Heimdall MCP
Transparent MCP proxy with OpenTelemetry tracing. Wrap any MCP server, persist traces to any OTel backend · SQLite · Postgres · MySQL. No code changes needed.
@cardor/heimdall-mcp
Transparent proxy for any MCP server. Intercepts all JSON-RPC messages, measures latency, stores traces in a configurable database, and enforces per-server allow/deny policies — without touching the original server.
Visit the website to view a full explanation, examples, and other tools!
Table of Contents
- @cardor/heimdall-mcp
How it works
flowchart LR
A["MCP Client\n(Claude Desktop / OpenCode / Cursor)"]

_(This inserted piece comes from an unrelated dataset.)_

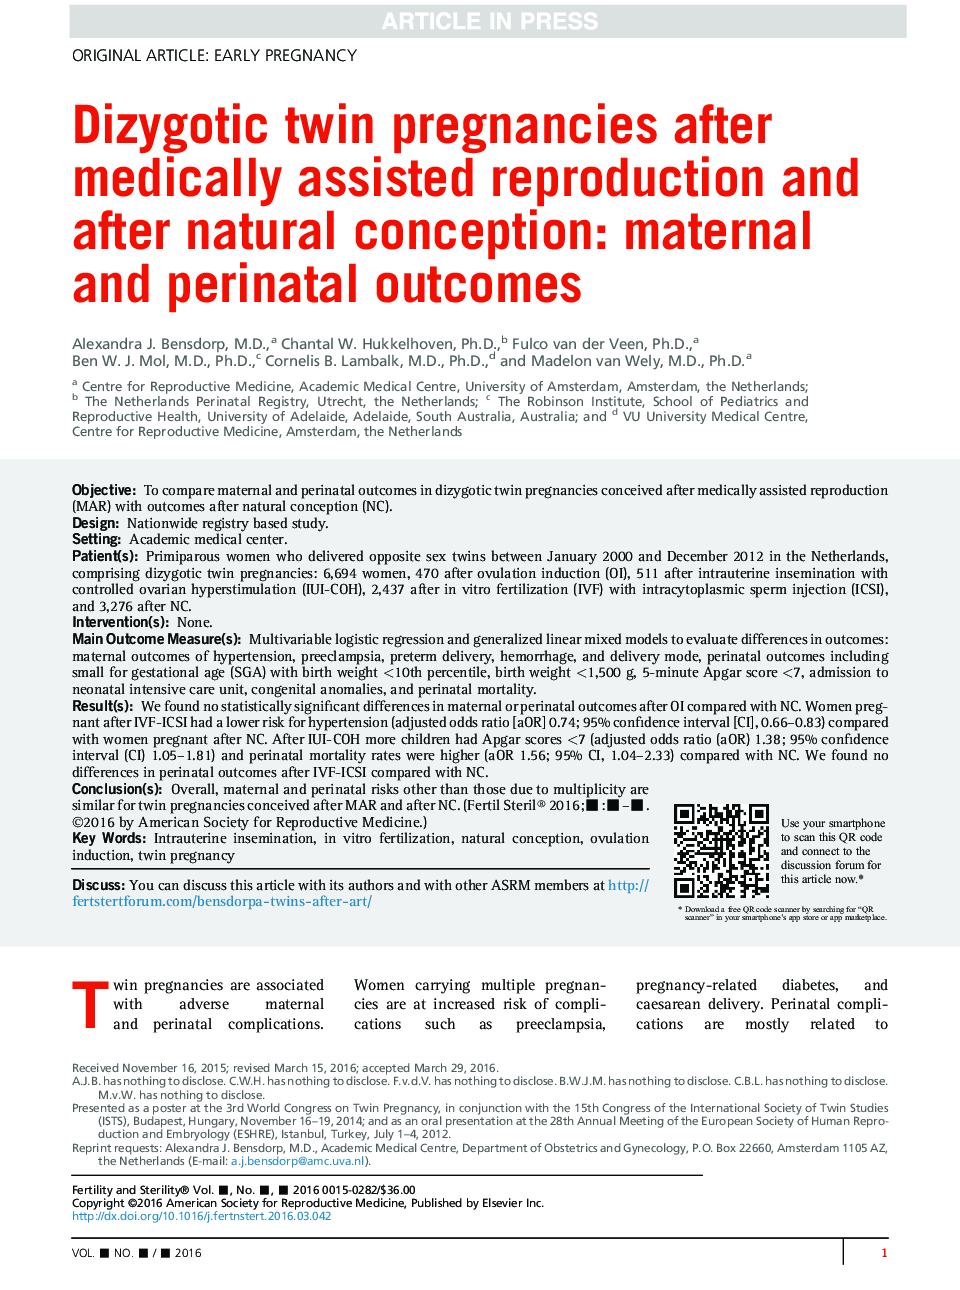 حاملگی دوقلوهای دوقلو بعد از تولید مثل پزشکی و بعد از برداشت طبیعی: نتایج مادران و پس از تولد 
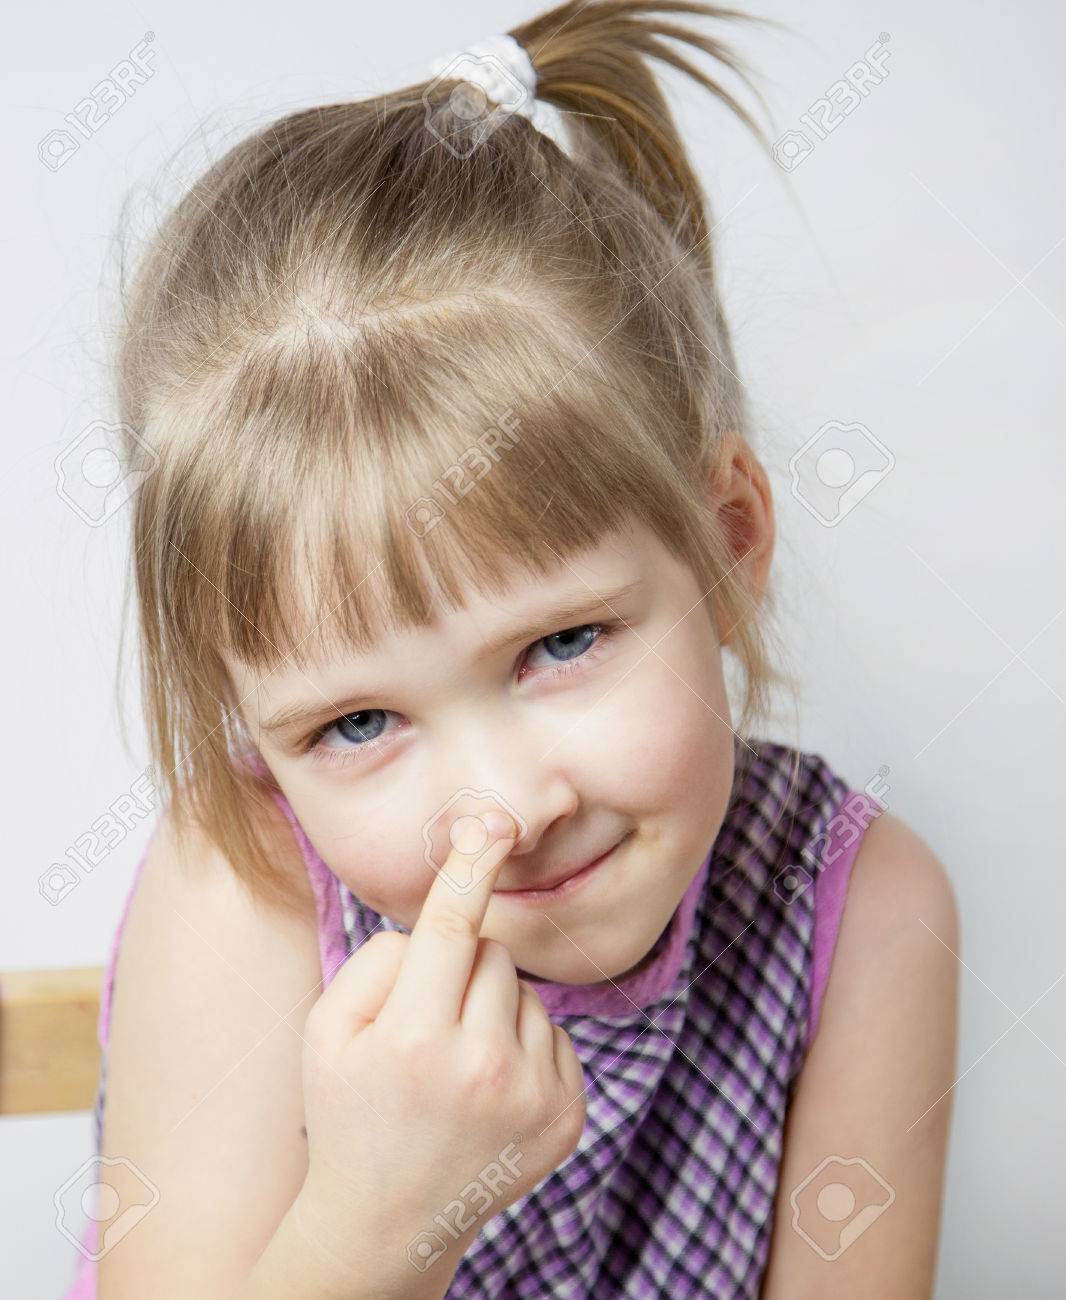 41348987-little-girl-touching-her-nose-closeup-portrait.jpg

subgraph proxy["heimdall-mcp"]
B["TelemetryInterceptor"]
P["PolicyInterceptor"]
C["ForwardInterceptor"]
D[("SQLite\nPostgres\nMySQL")]
B --> P
P --> C
B -->|"saves span"| D
end
S["Real MCP server\n(subprocess / HTTP / SSE)"]
A -->|"stdio"| B
C -->|"stdio · http · sse"| S
S -->|"response"| C
C -->|"response"| A
The proxy always exposes stdio to the MCP client and speaks the correct transport to the real server. Every request/response pair is converted into a span with timing, attributes, and the input/output body.
Installation
npm install -g @cardor/heimdall-mcp
# or as a project dependency
npm install @cardor/heimdall-mcp
Policy config
Drop a heimdall.config.ts in your project root and define exactly which tools, prompts, and resources each MCP server is allowed to expose to the agent — at the proxy layer, without touching the server code.
Config files
| Scope | Path | Purpose |
|---|---|---|
| Local | {project-root}/heimdall.config.{ts,js,mjs,cjs,json} | Per-repo rules |
| Global | ~/.config/heimdall/heimdall.config.{ts,js,mjs,cjs,json} | User/org-wide rules |
Both are optional. If neither exists, the proxy stays fully transparent (backward compatible).
Config format
// heimdall.config.ts
import type { HeimdallConfig } from '@cardor/heimdall-mcp';
export default {
// default: applies to any server without an explicit entry
default: {
tools: { allow: ['*'], deny: [] },
},
// servers: keyed by --server-name (or serverInfo.name from initialize response)
servers: {
filesystem: {
tools: {
allow: ['read_file', 'list_directory', 'search_files'],
deny: ['write_file', 'create_file', 'delete_file', 'move_file'],
},
resources: {
allow: ['*'],
deny: ['file:///etc/*', 'file:///root/*'],
},
},
database: {
tools: {
allow: ['query', 'describe_table', 'list_tables'],
deny: ['execute', 'drop_table', 'truncate'],
},
},
},
} satisfies HeimdallConfig;
TypeScript configs are loaded via jiti without pre-compilation. Also works as .js, .mjs, .cjs, or .json.
Merge strategy
When both local and global configs exist, they merge with security-first semantics:
| Rule | Behavior |
|---|---|
| Deny → union | Denied by either = denied. Global deny cannot be overridden locally. |
| Allow → intersection | Must pass both. * or [] means "defer to the other side." |
| Deny beats allow | Within any single config, deny always wins. |
The global config enforces a floor the team can't accidentally loosen. Local configs can only add more restrictions, never fewer.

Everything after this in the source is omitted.